* Required action
Could you restate word for word only the lines below from the one holding "SeaVee-340 B Center" to the one holding "Main view of", inclusive, and leave out the pictures?

* Source information
⟨

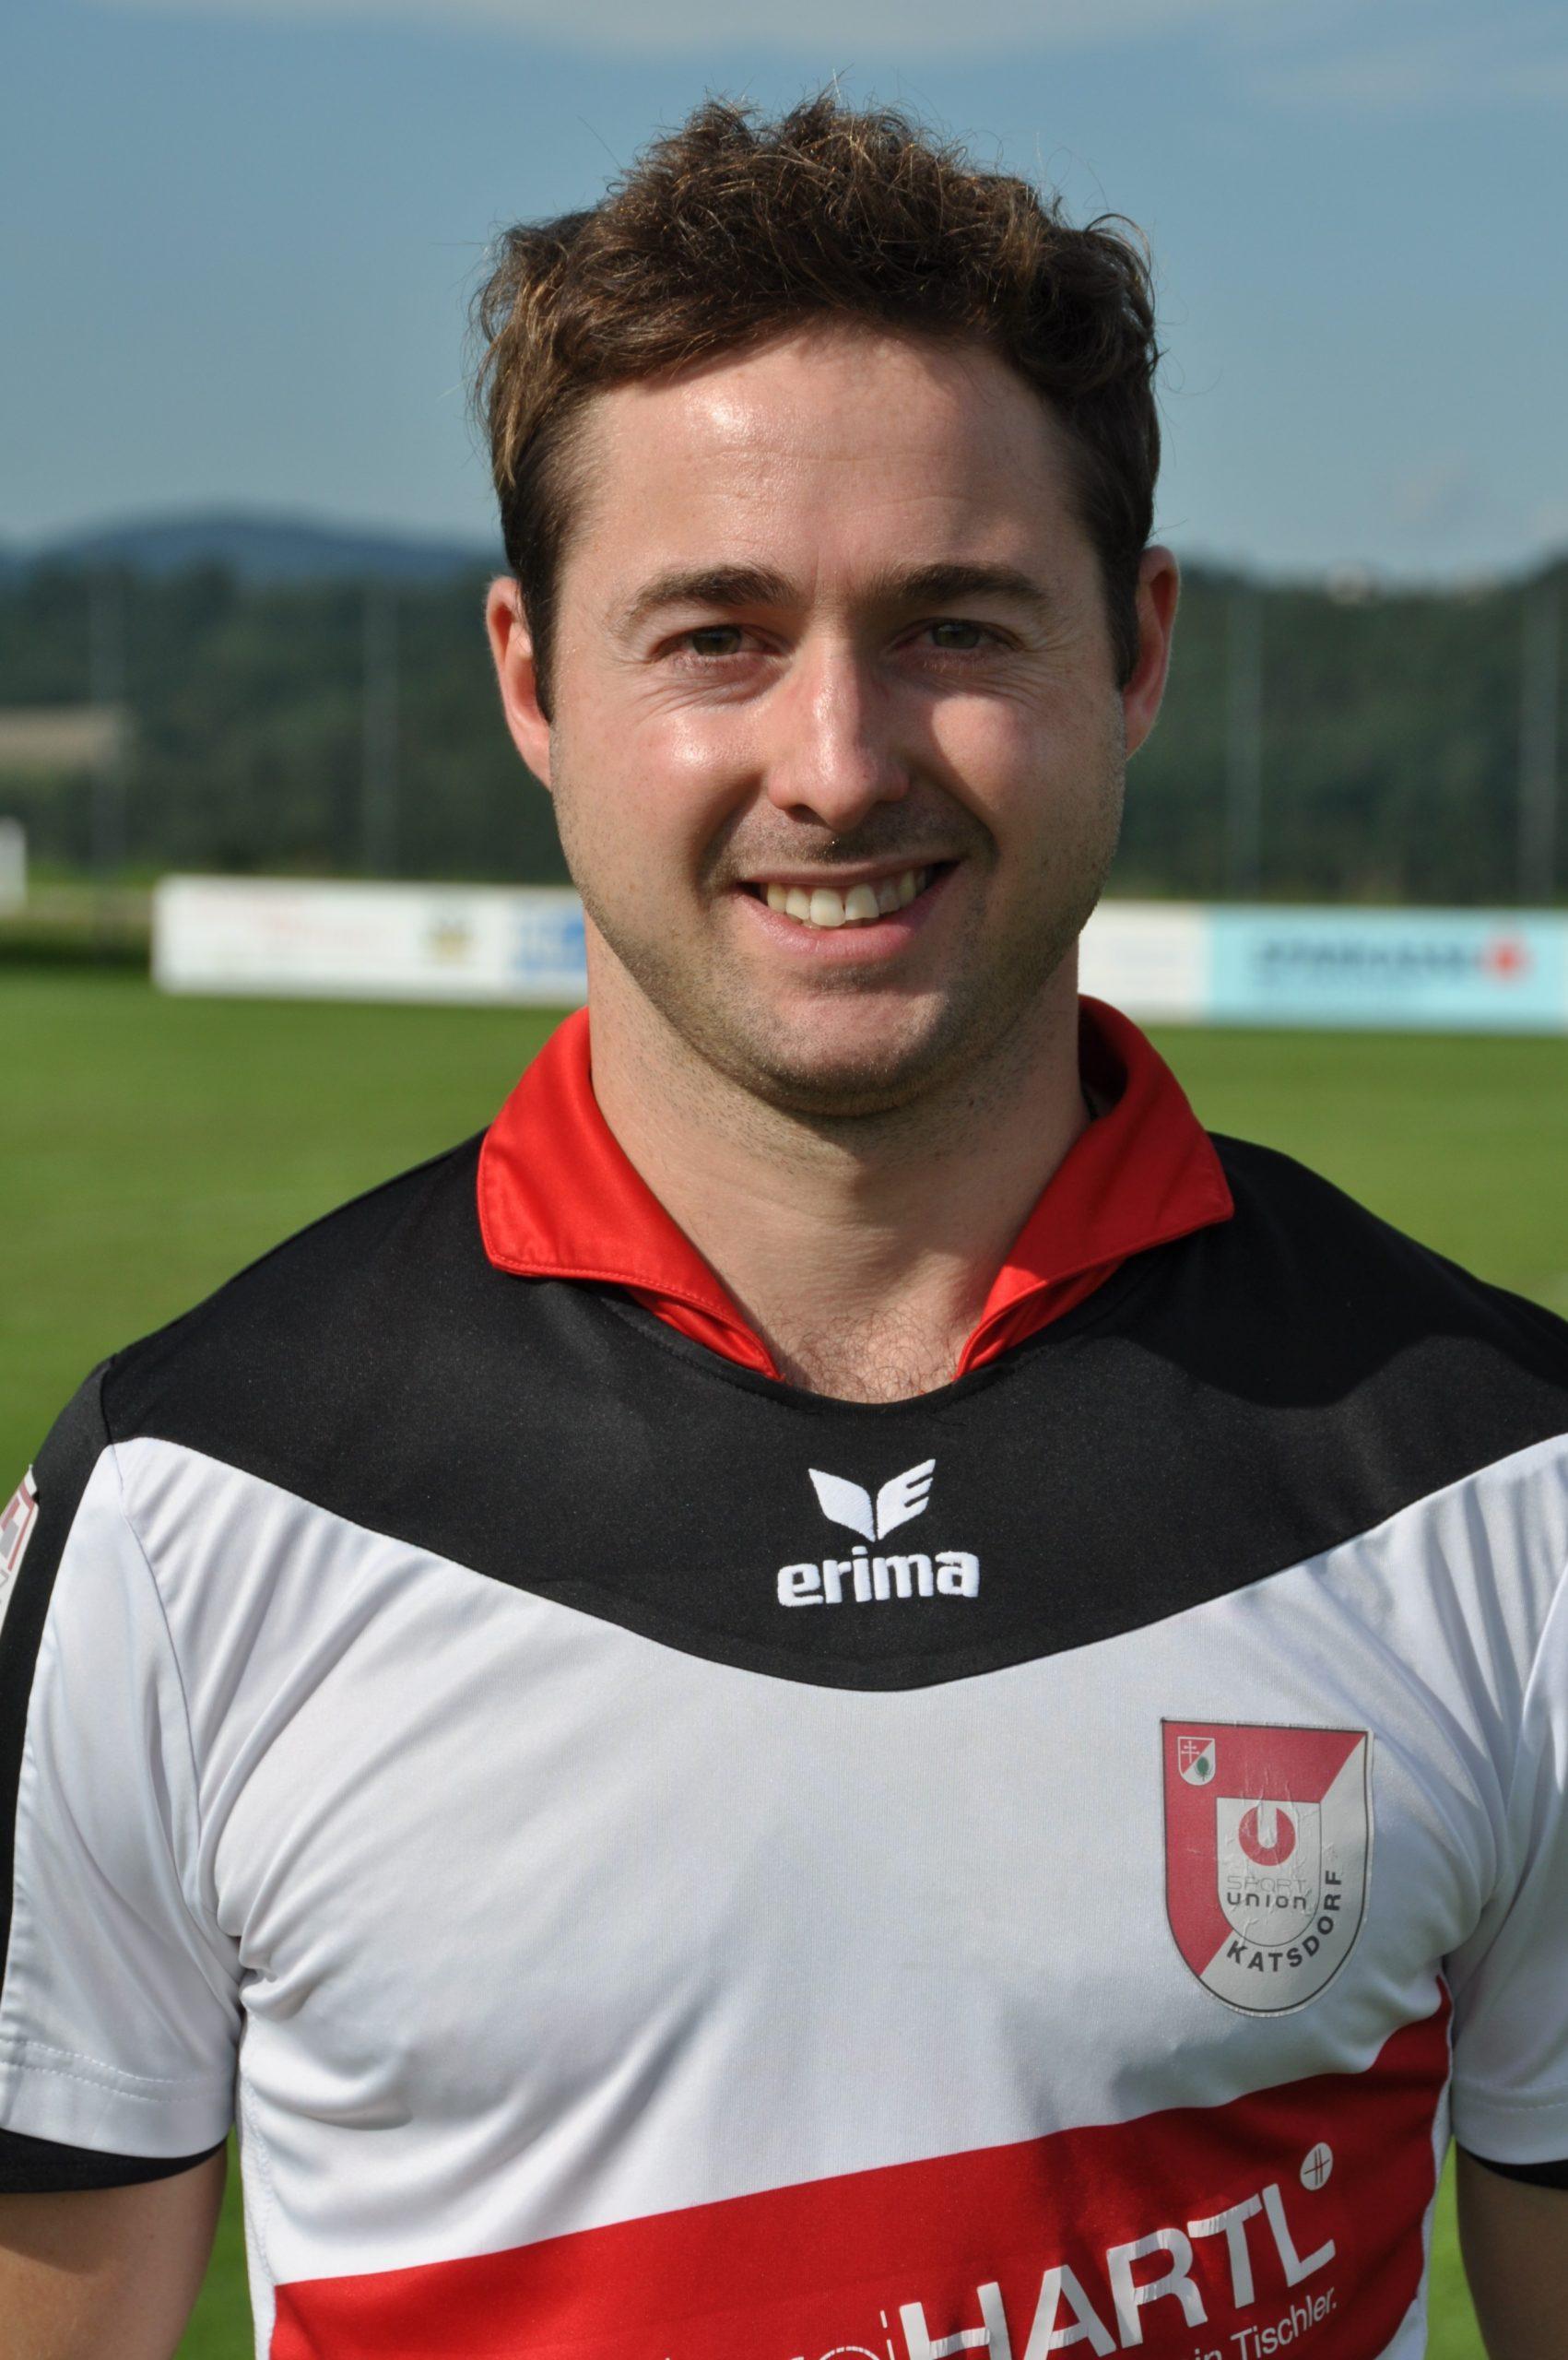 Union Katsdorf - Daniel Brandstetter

⟩
⟨

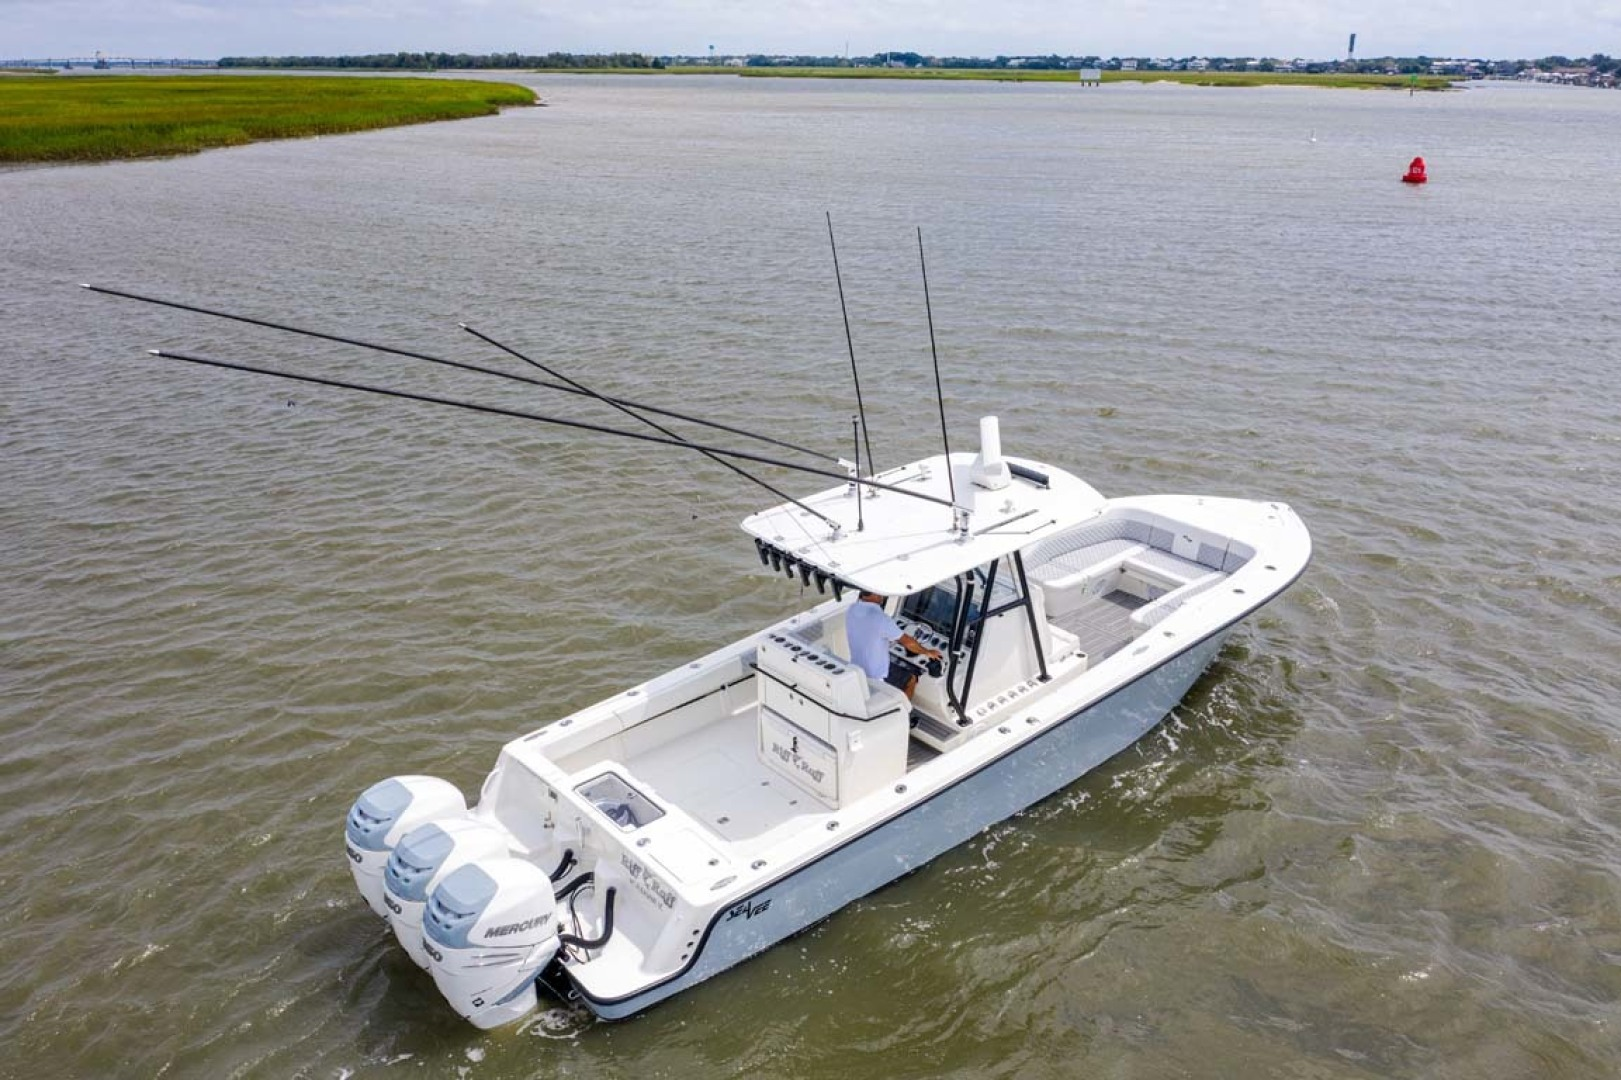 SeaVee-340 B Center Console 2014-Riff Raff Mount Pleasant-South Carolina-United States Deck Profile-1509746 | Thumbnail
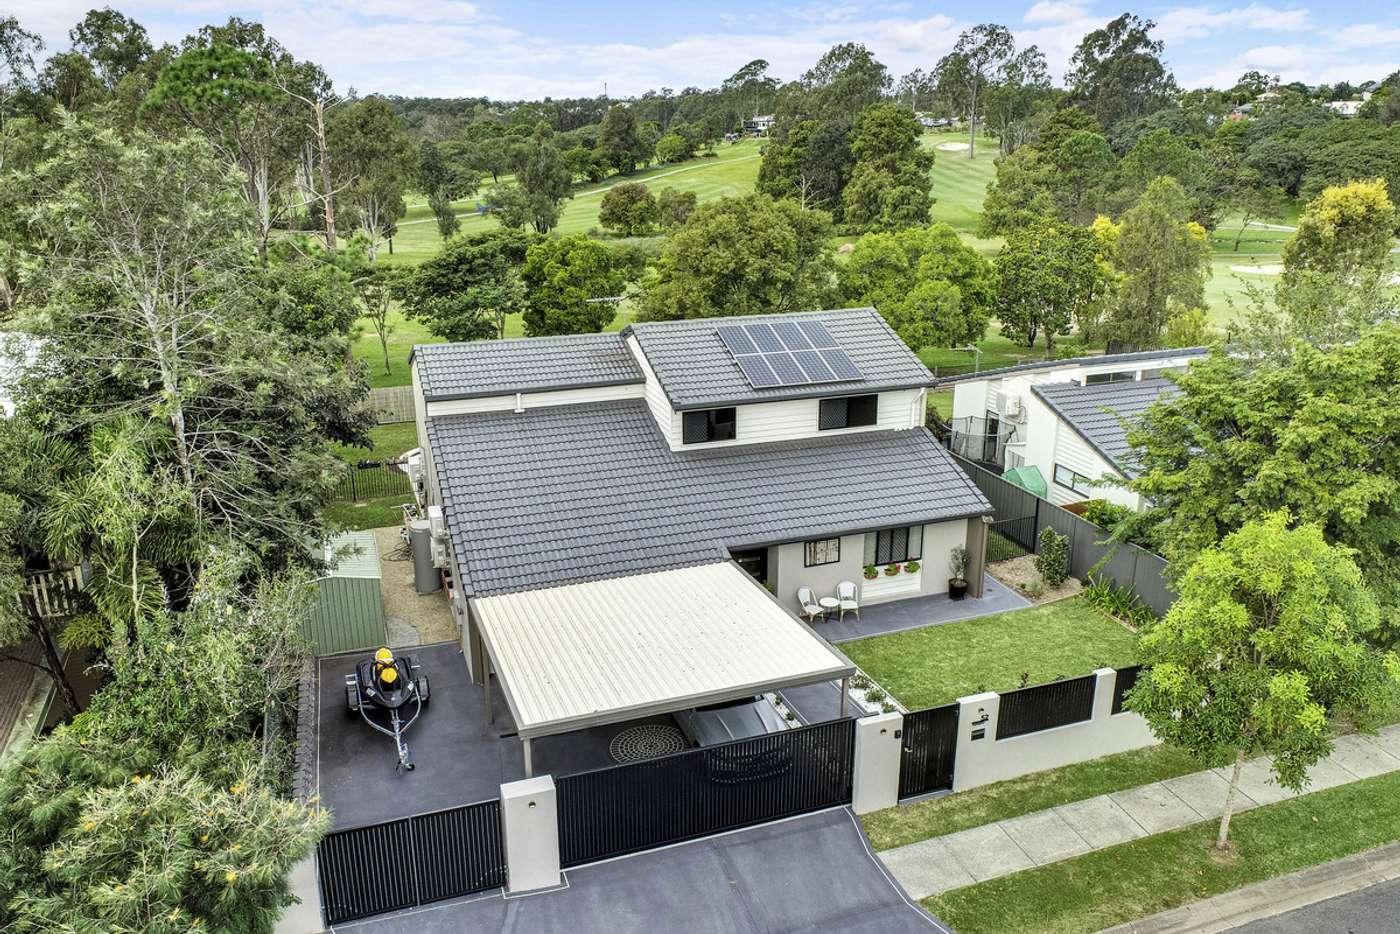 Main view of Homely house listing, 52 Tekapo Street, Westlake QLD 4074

⟩
⟨

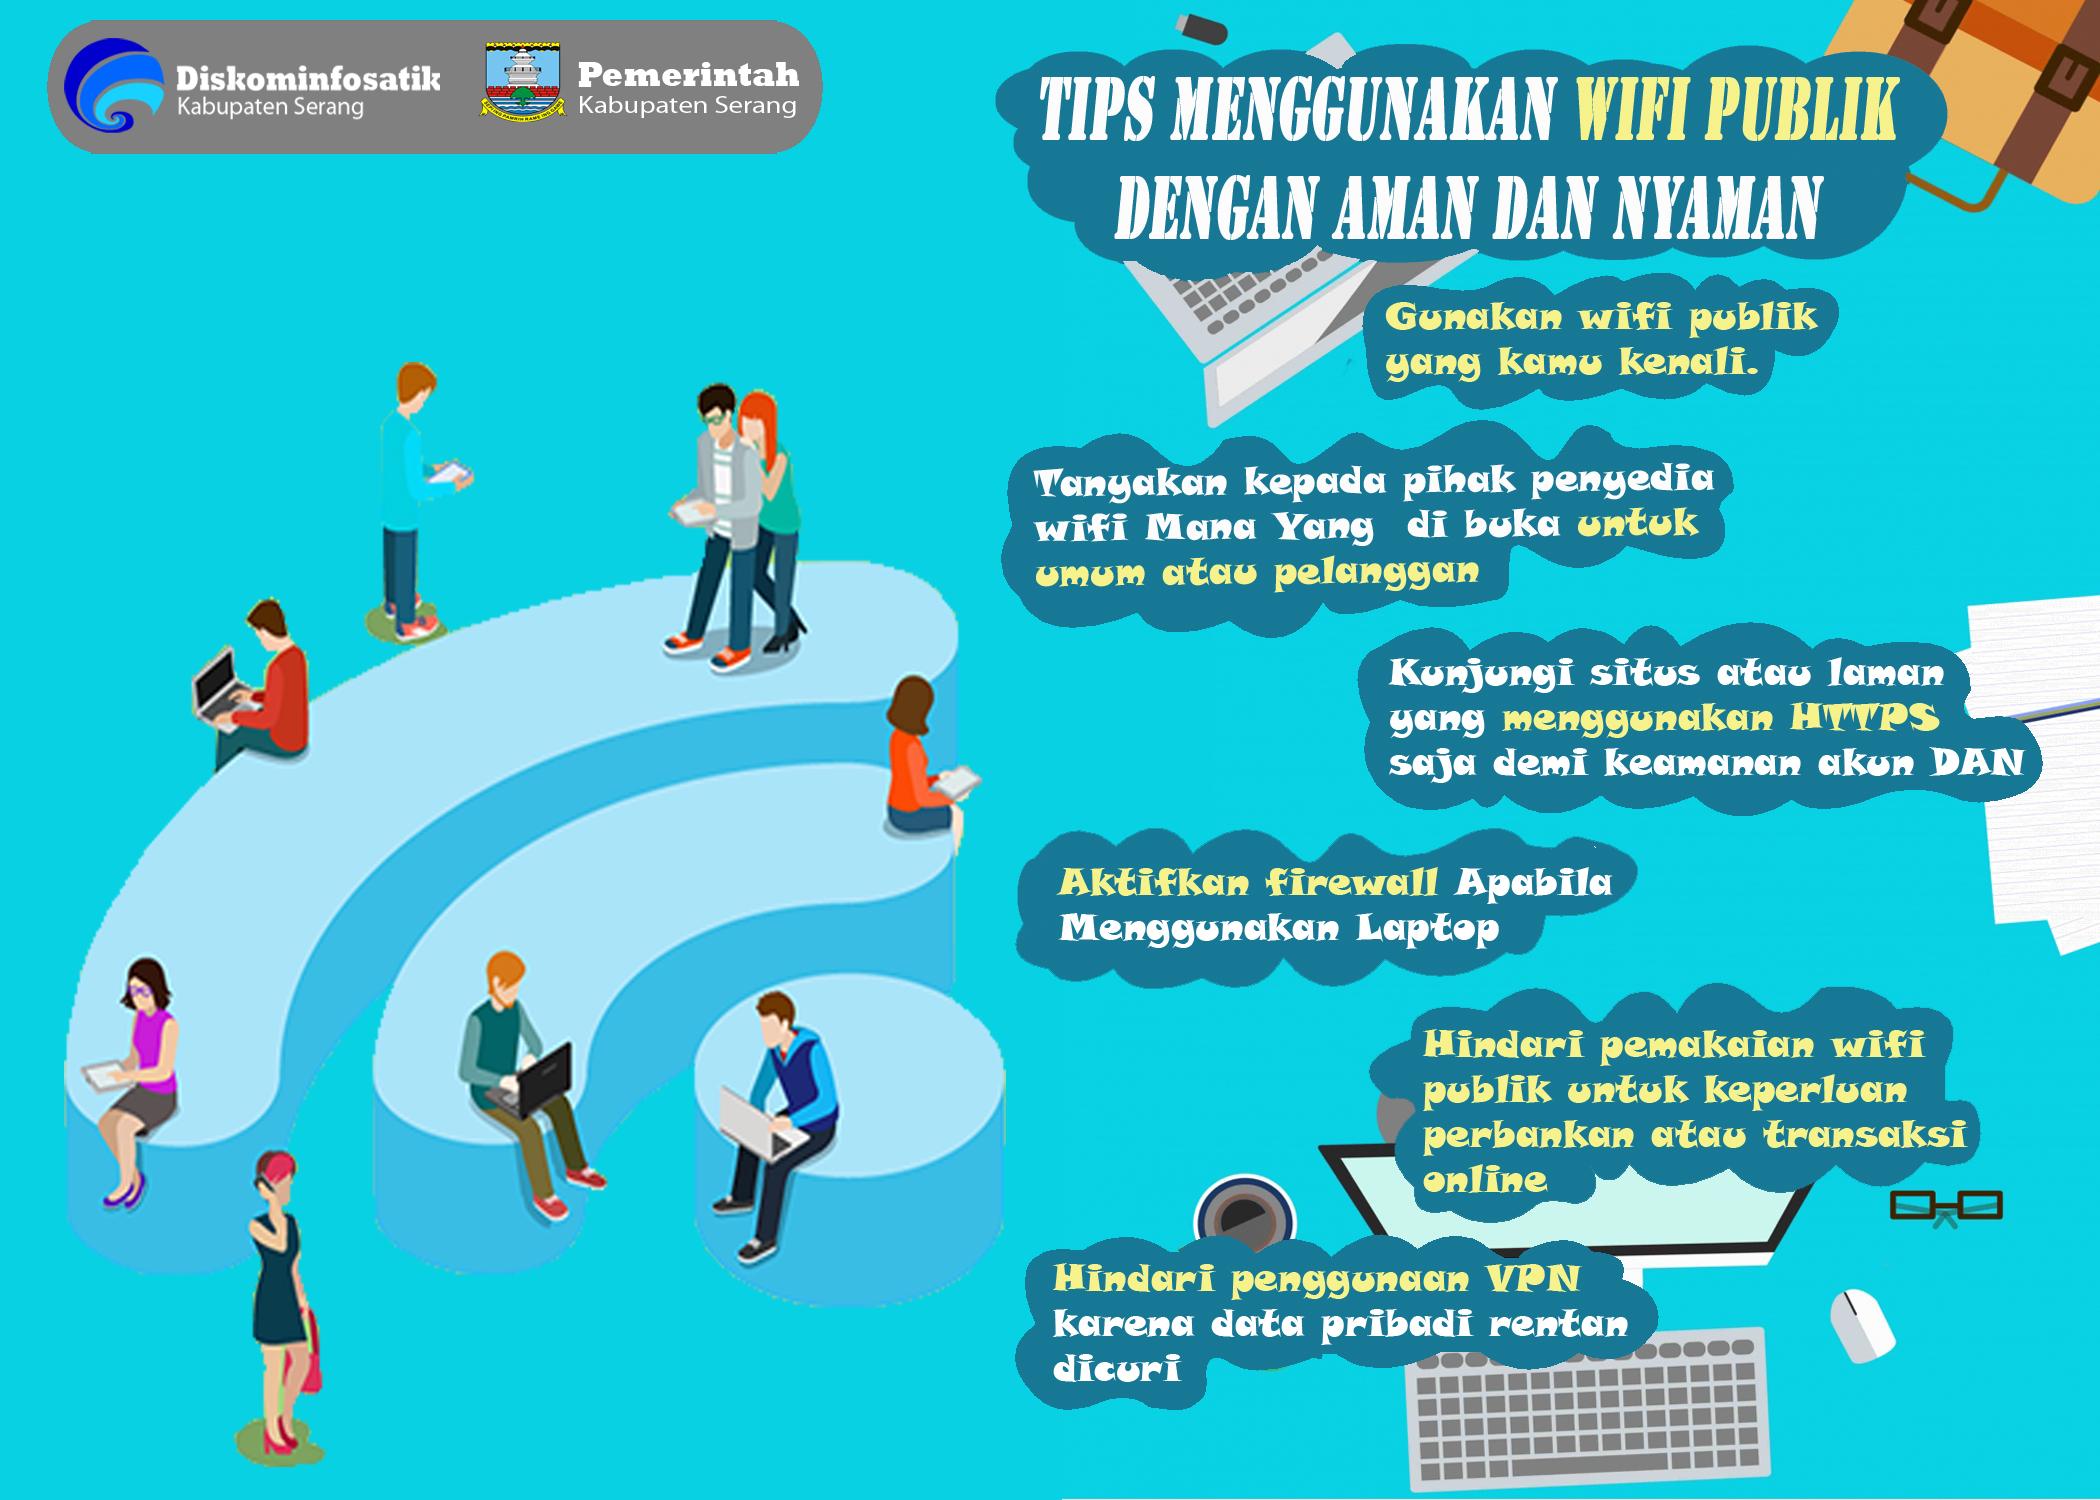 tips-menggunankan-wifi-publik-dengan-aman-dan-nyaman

⟩

* Solved exercise
 SeaVee-340 B Center Console 2014-Riff Raff Mount Pleasant-South Carolina-United States Deck Profile-1509746 | Thumbnail
 Main view of Homely house listing, 52 Tekapo Street, Westlake QLD 4074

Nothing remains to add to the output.